Нам с бабушкой приходилось ходить в 10-ую школу через эту линию. Шестидесятилетней бабушке уже трудно было подниматься в крутую гору у общего перехода, и она обходила линию стороной, справа, где дорога уже равнялась с насыпью. Я часто сопровождал бабушку и всегда боялся идущего от станции в это время поезда, перед которым мы обычно успевали перейти на ту сторону... Представляю, каково было ей ходить на работу в одиночестве, в пятидесятые годы, когда я перешёл для завершения учебы в школу № 1.
С началом войны движение по железнодорожной линии резко участилось. По ней в обе стороны то и дело двигались поезда с горючим, воинской техникой, тщательно закрытой брезентом, «теплушками» с военнослужащими. Мы провожали их, выходя на улицу, стоя перед своими домами, махали бойцам руками, кепками, порой бежали за составом вдоль железнодорожного полотна. Уезжающие на фронт улыбались нам, тоже махали в ответ руками и пилотками... Сколько из них не вернется потом в родные края, – об этом мы не задумывались.

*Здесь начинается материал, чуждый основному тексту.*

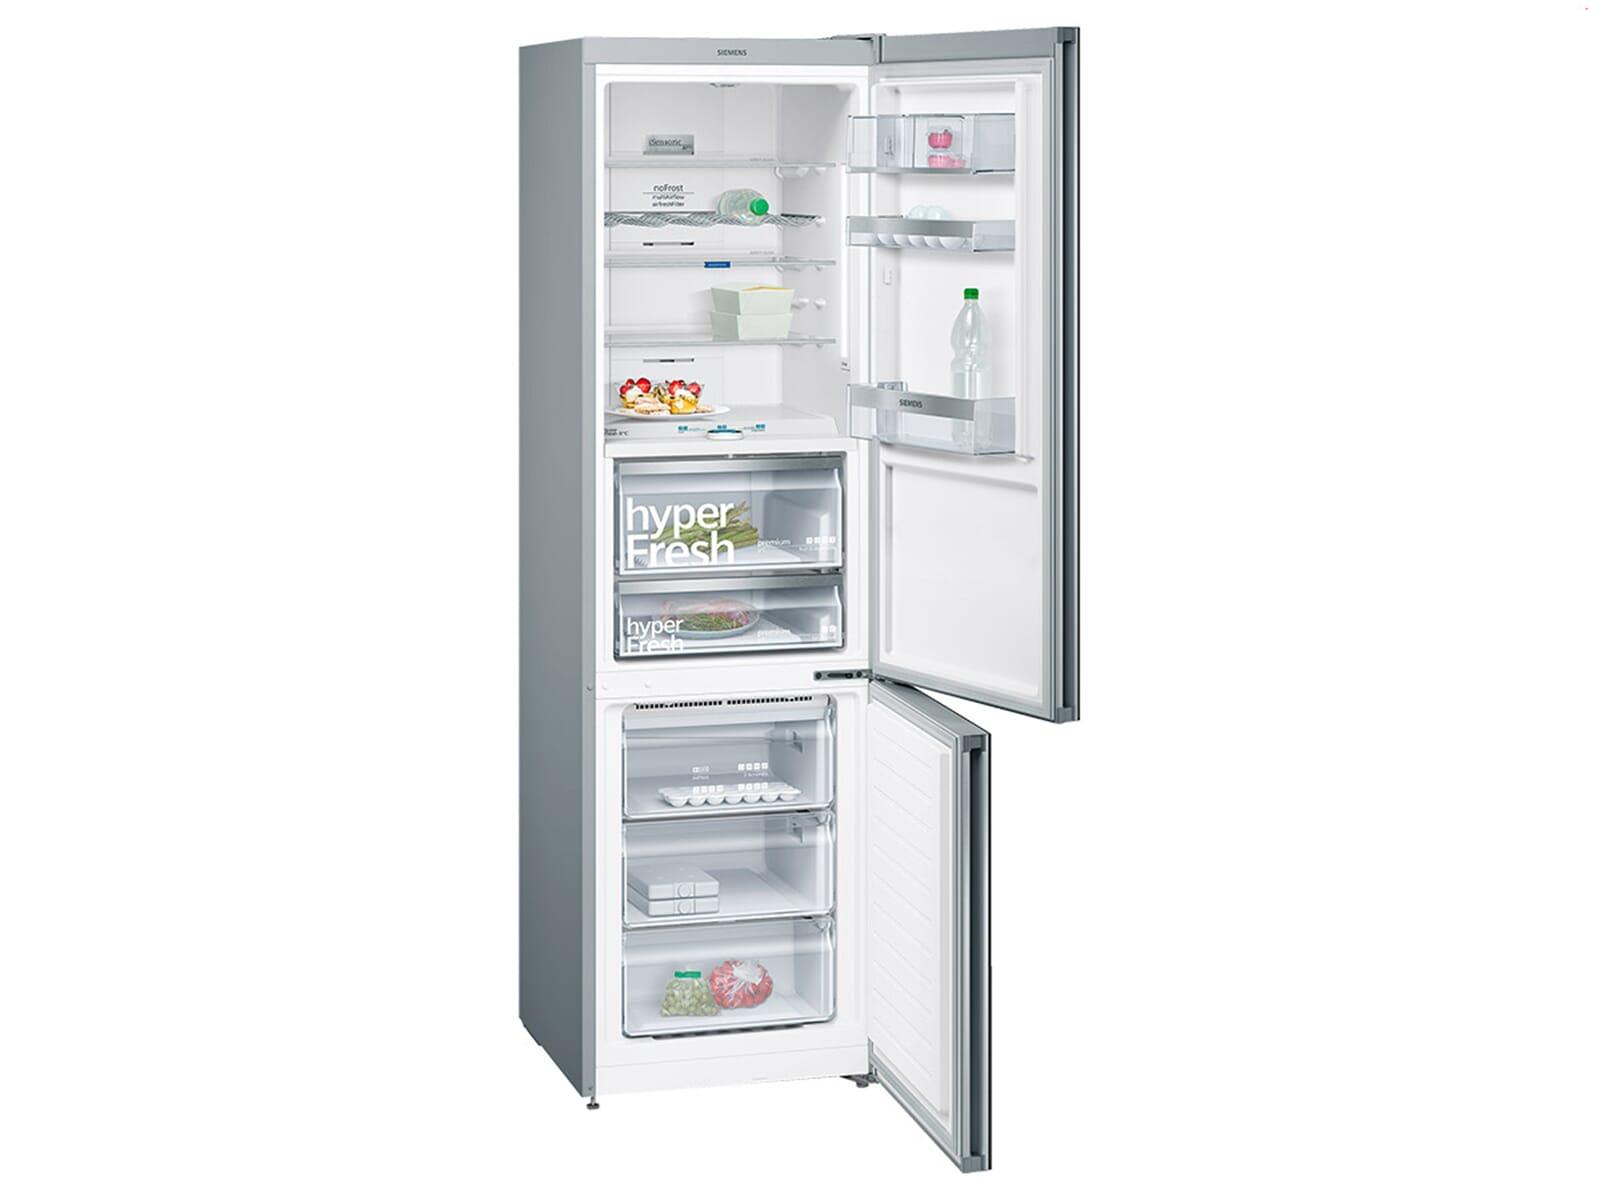 Siemens Kühlschrank Eiswürfelbereiter Bedienungsanleitung : Siemens kg fsb kühl gefrierkombination schwarz

В 1943 году мы провожали на фронт и эшелон эвакогоспиталя № 1895, в котором всю войну проработала моя мама. До взятия нашими войсками Курска эвакогоспиталь базировался в Шуе. После Курской битвы он почти непрерывно двигался за частями Первого Украинского фронта вплоть до Восточной Пруссии. Точное время движения эшелона не было известно, и мы по очереди дежурили на улице, чтобы не прозевать его отъезда. Но так и не дождались. Возможно, он прошёл ночью, а может быть, просто двигался по другой дороге – в противоположном направлении...

Вот такой была для нас наша «железка» («чугунка») – близкой и привлекательной, давшей нам много радостей в нашей мальчишеской жизни. Сейчас вид на насыпь изменился. Появилась широкая «лесозащитная» полоса перед домами. Думаю, что она только добавила возможностей для мальчишеских игр и шалостей...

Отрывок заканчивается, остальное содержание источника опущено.